A. Motion for Preliminary Approval of Settlement

In their Motion for Preliminary Approval of Settlement, the parties ask the court to (1) conditionally certify the proposed settlement class; (2) grant preliminary approval of the proposed settlement agreement; (3) appoint plaintiffs' counsel as class counsel; (4) approve the proposed notice; and (5) direct that notice of the settlement be provided to the proposed settlement class per the proposed notice plan and set the final fairness hearing. The court addresses these issues below.

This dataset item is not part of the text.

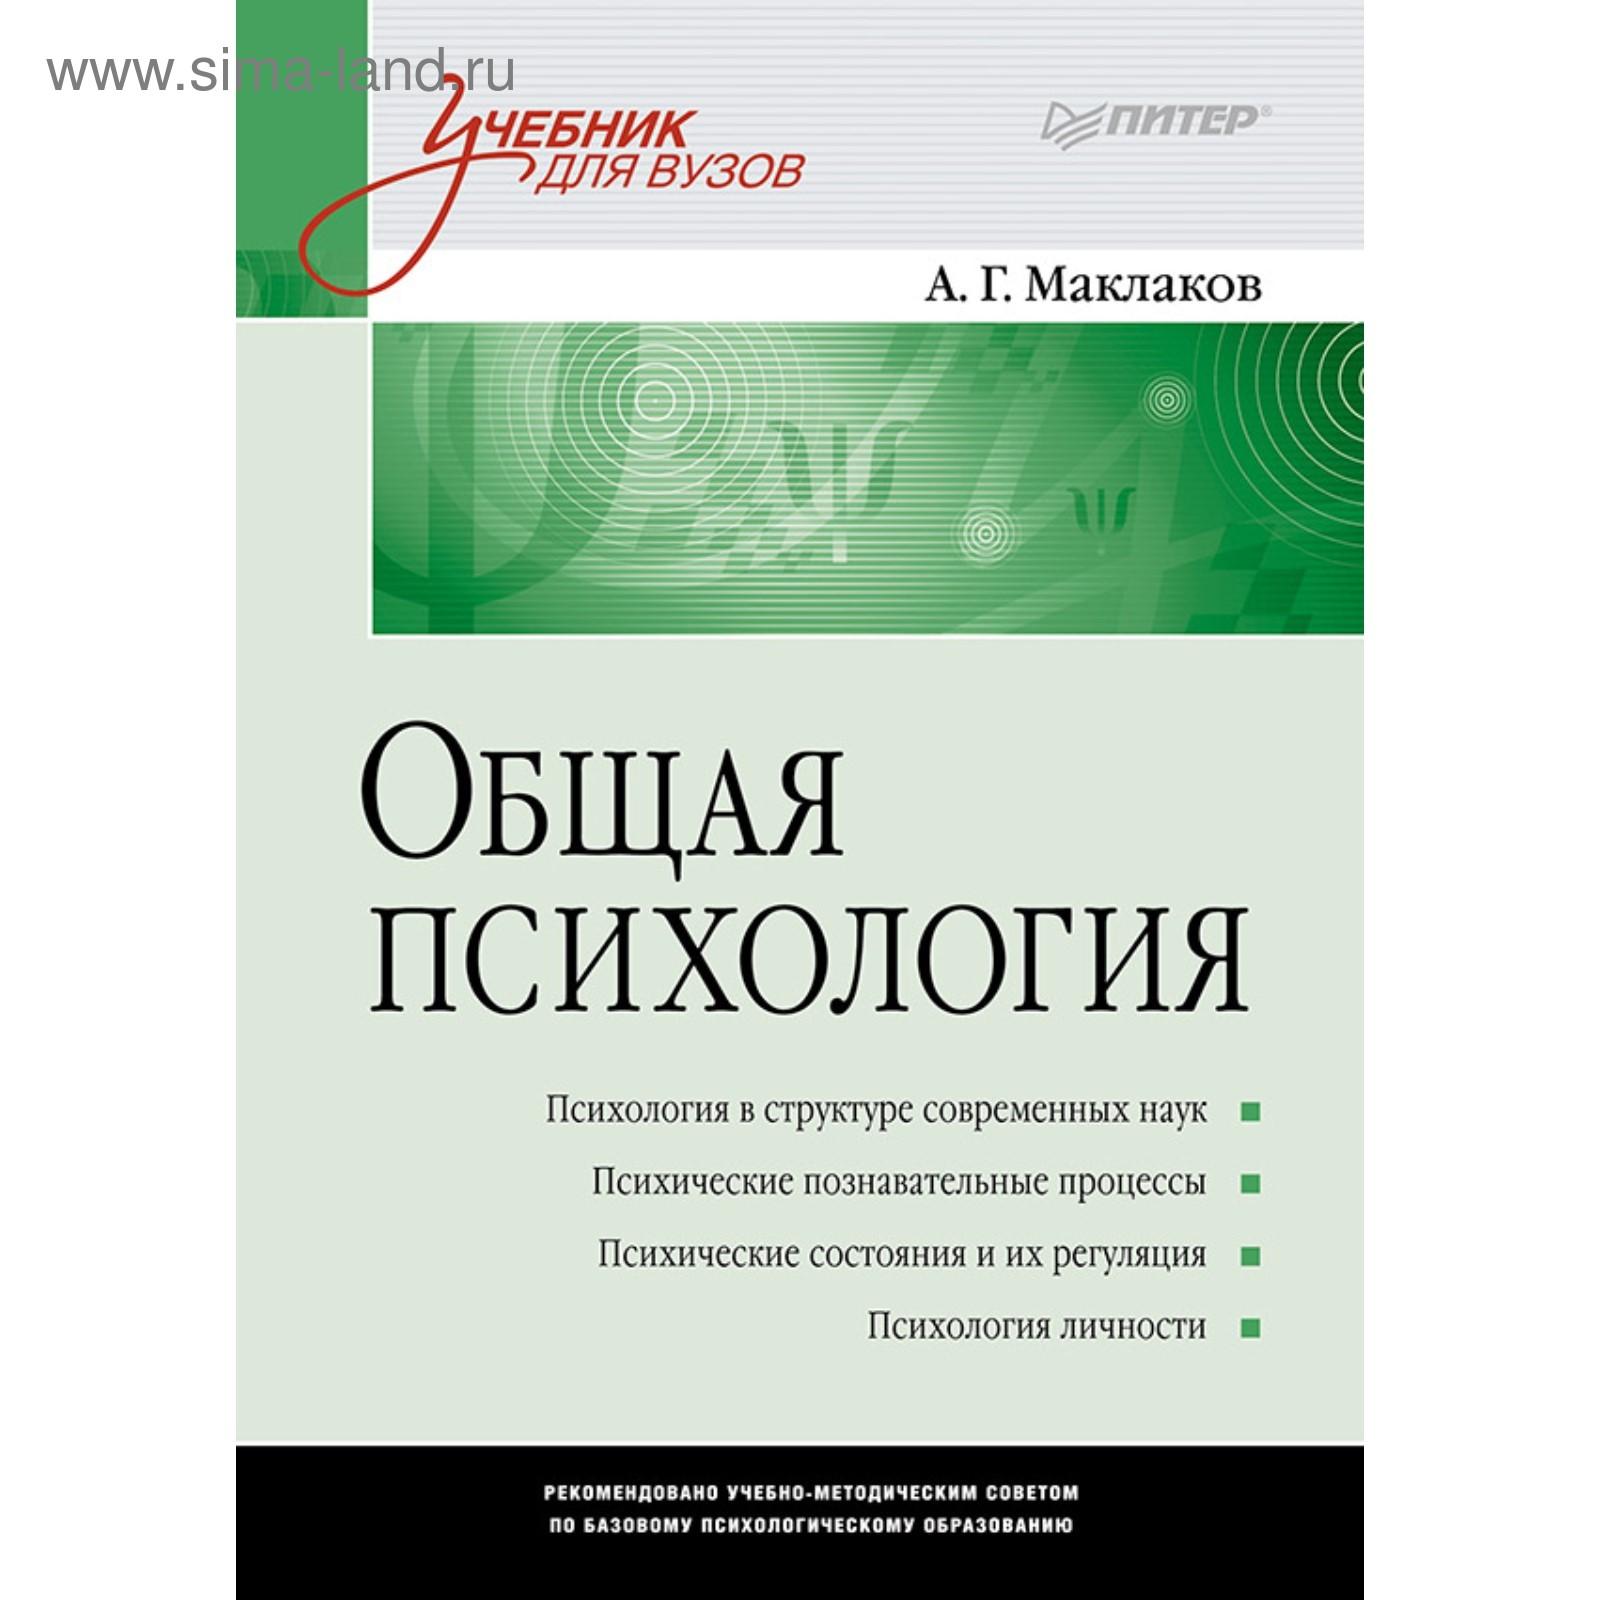 Рубинштейн основы общей психологии скачать fb2 dota2-guide. Ru.

1. Rule 23 Class Certification for Purposes of Settlement

Plaintiffs seek certification of the following settlement class:

[A]ll Commercial Customers in Kansas, Missouri, Iowa or Nebraska who were parties to a written Service Agreement with Defendants or their affiliates at any time between May 1, 2007 and June 30, 2015 and who were assessed either: (a) a fuel surcharge; (b) an environmental fee (or fuel/environmental fee); (c) an administrative fee; or (d) a base rate increase not accompanied by a new contract or change in service.
(Doc. 135 (amending proposed class definition in Motion for Preliminary Approval of Settlement).) The determination of class certification is committed to the broad discretion of the trial court. See In re Motor Fuel Temperature Sales Practices Litig., 258 F.R.D. 671, 674 (D. Kan. 2009) (citing Shook v. El Paso Cnty., 386 F.3d 963, 967 (10th Cir. 2004). Plaintiffs have the burden to demonstrate "under a strict burden of proof" that the requirements of Rule 23 are satisfied. See Trevizo v. Adams, 455 F.3d 1155, 1162 (10th Cir. 2006). To do so, plaintiffs must first satisfy the prerequisites of Fed. R. Civ. P. 23(a). In re Motor Fuel Temperature Sales Practices Litig., 258 F.R.D. at 674. Then, plaintiffs must demonstrate that the proposed class action fits within one of the categories described in Fed. R. Civ. P. 23(b). Id. at 675.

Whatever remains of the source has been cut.